Work item
Copy out the data exactly as it appears, without a single image.

Material provided
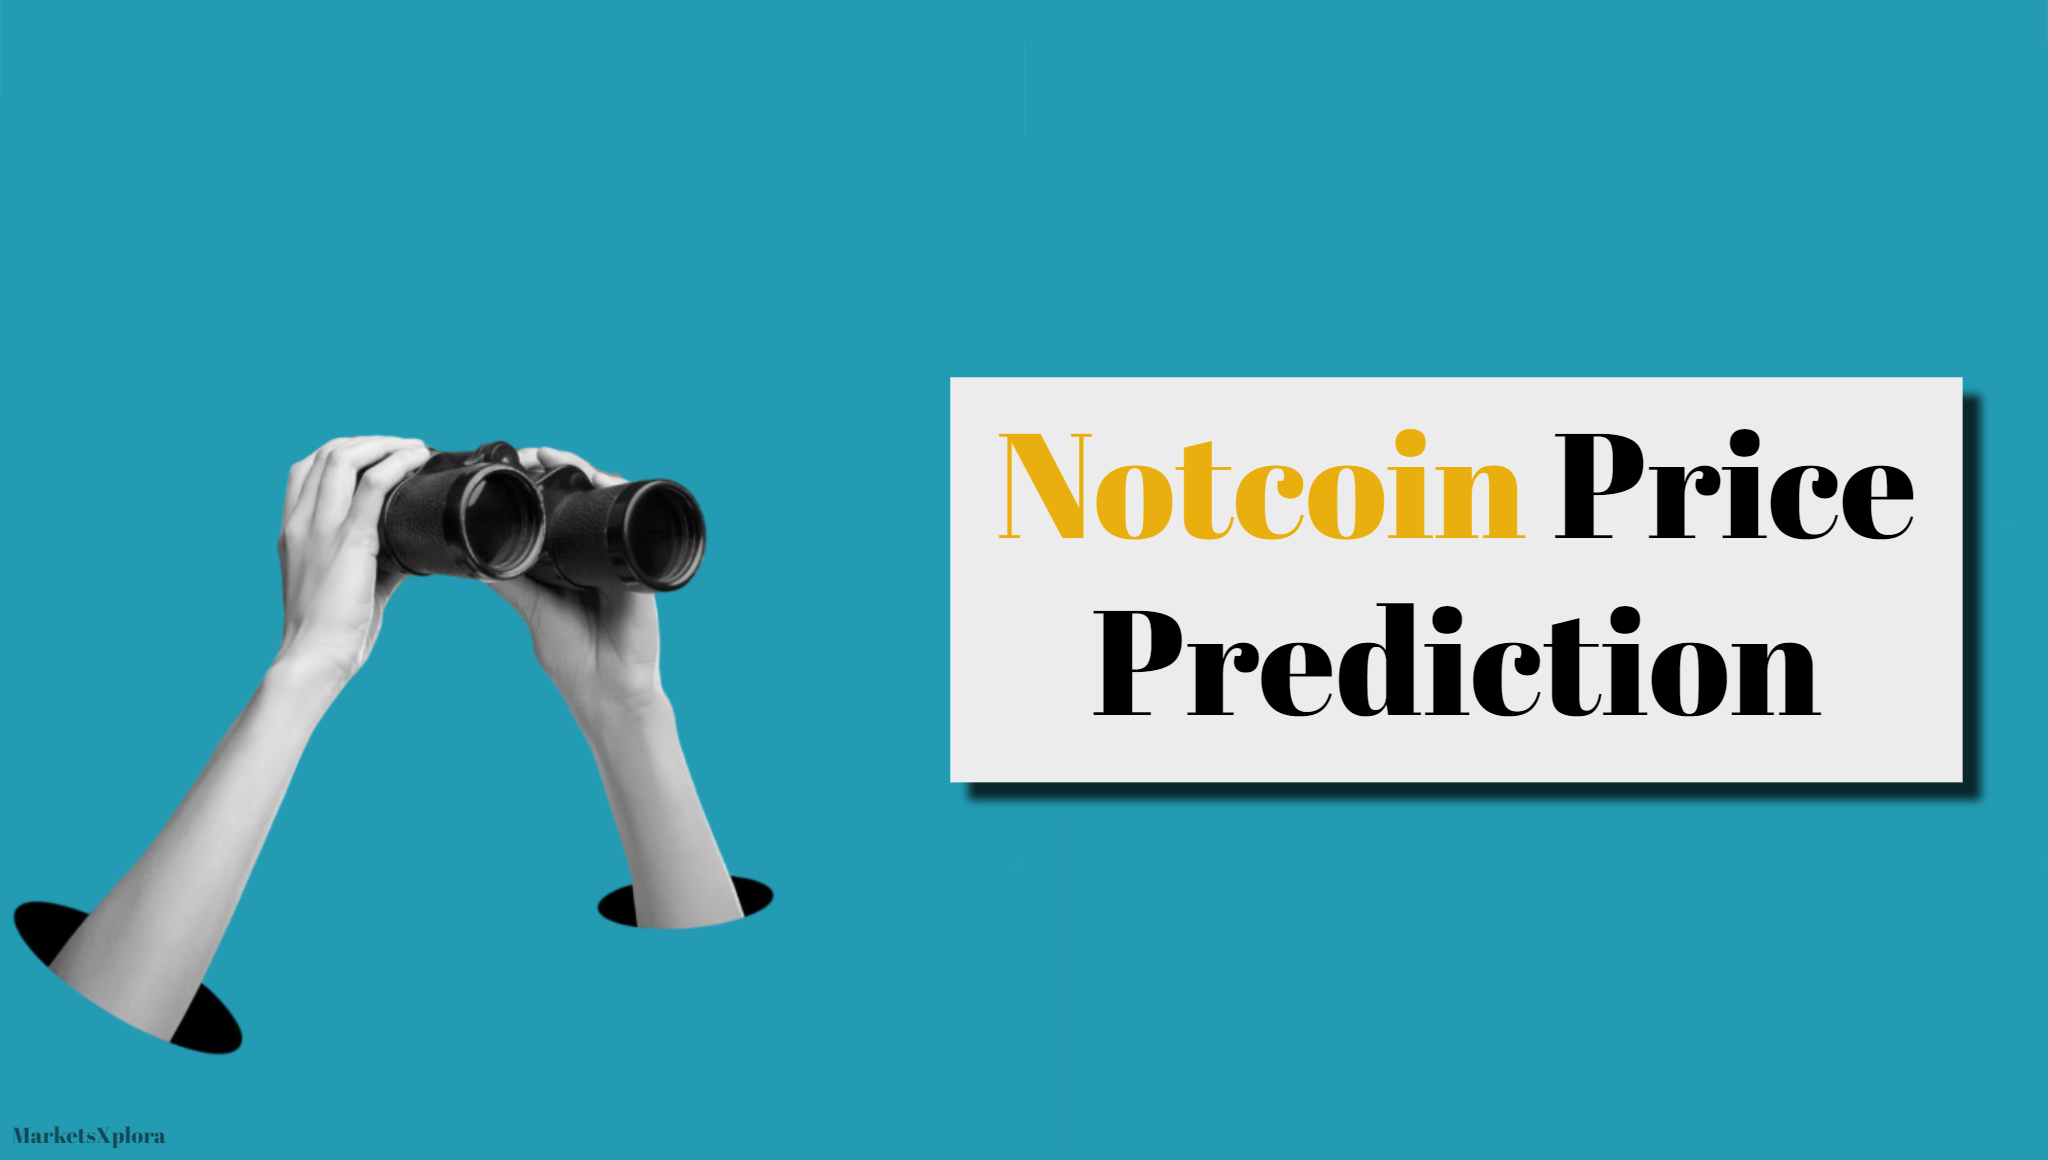 Notcoin Price Prediction
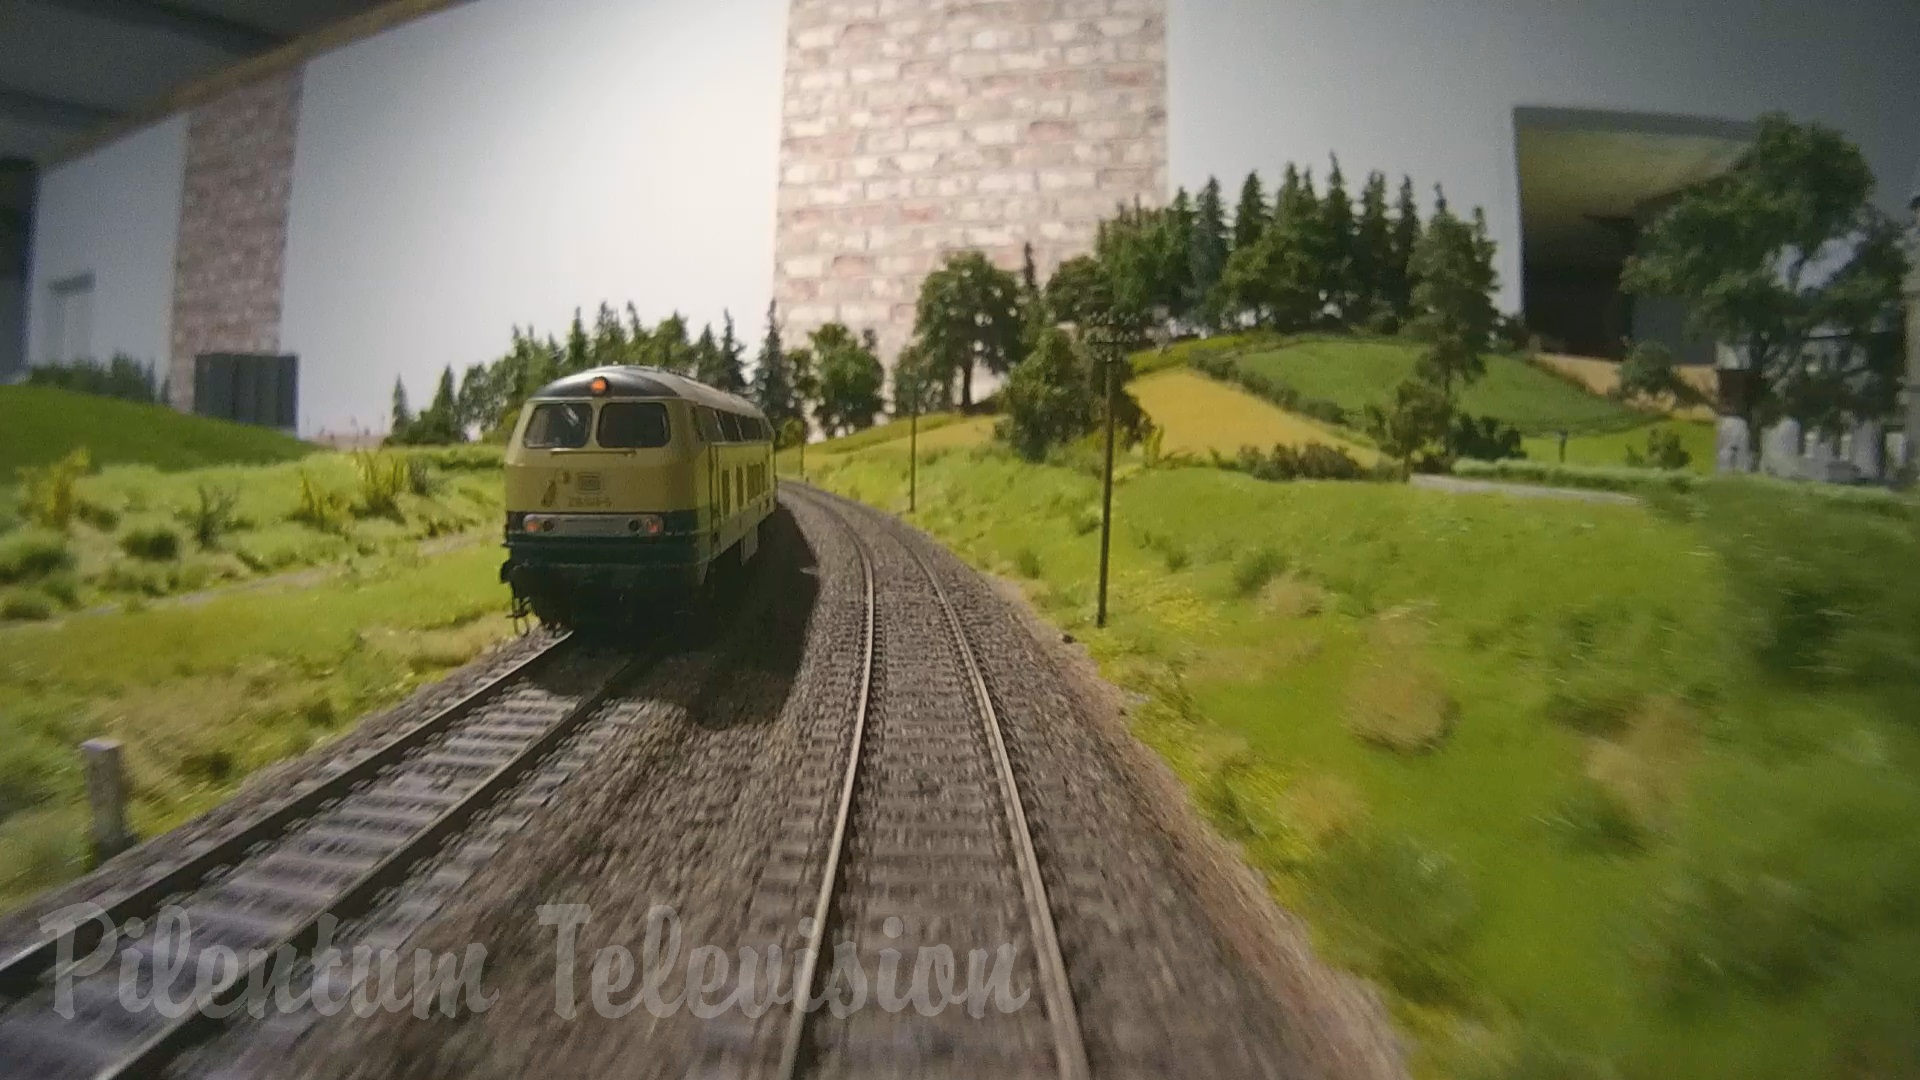 תערוכת הרכבות בגרמניה: בתערוכה משתקף העתק מדויק של הרכבות הקיימות במציאות
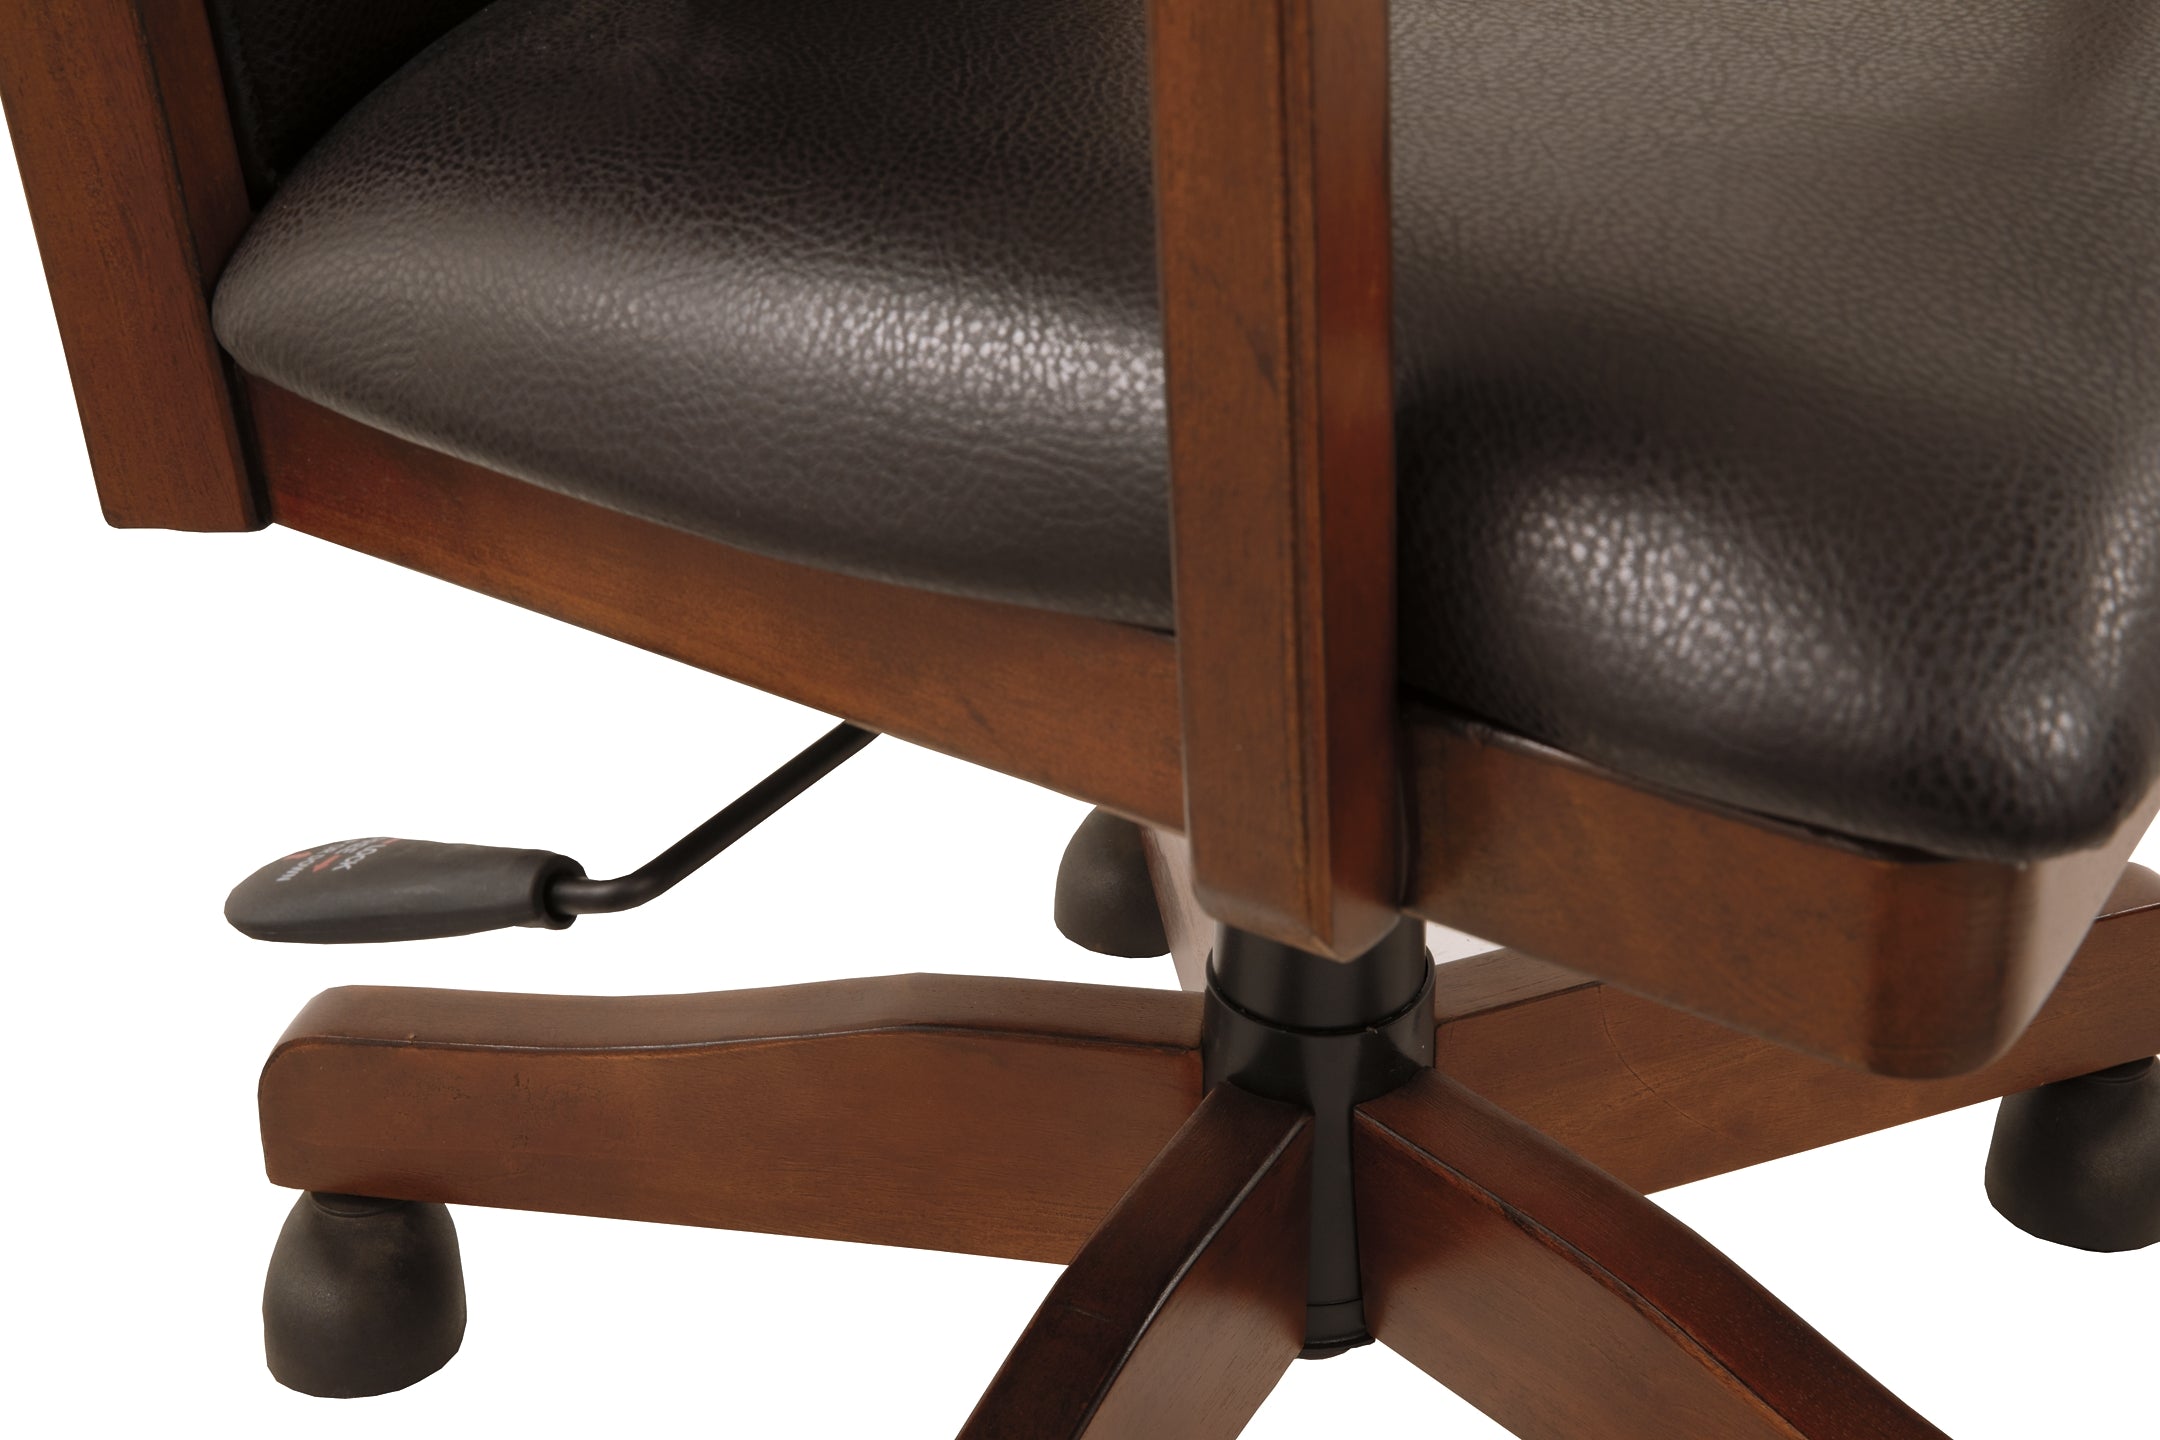 Hamlyn Home Office Swivel Desk Chair

Solution below
 Notcoin Price Prediction
 תערוכת הרכבות בגרמניה: בתערוכה משתקף העתק מדויק של הרכבות הקיימות במציאות
 Hamlyn Home Office Swivel Desk Chair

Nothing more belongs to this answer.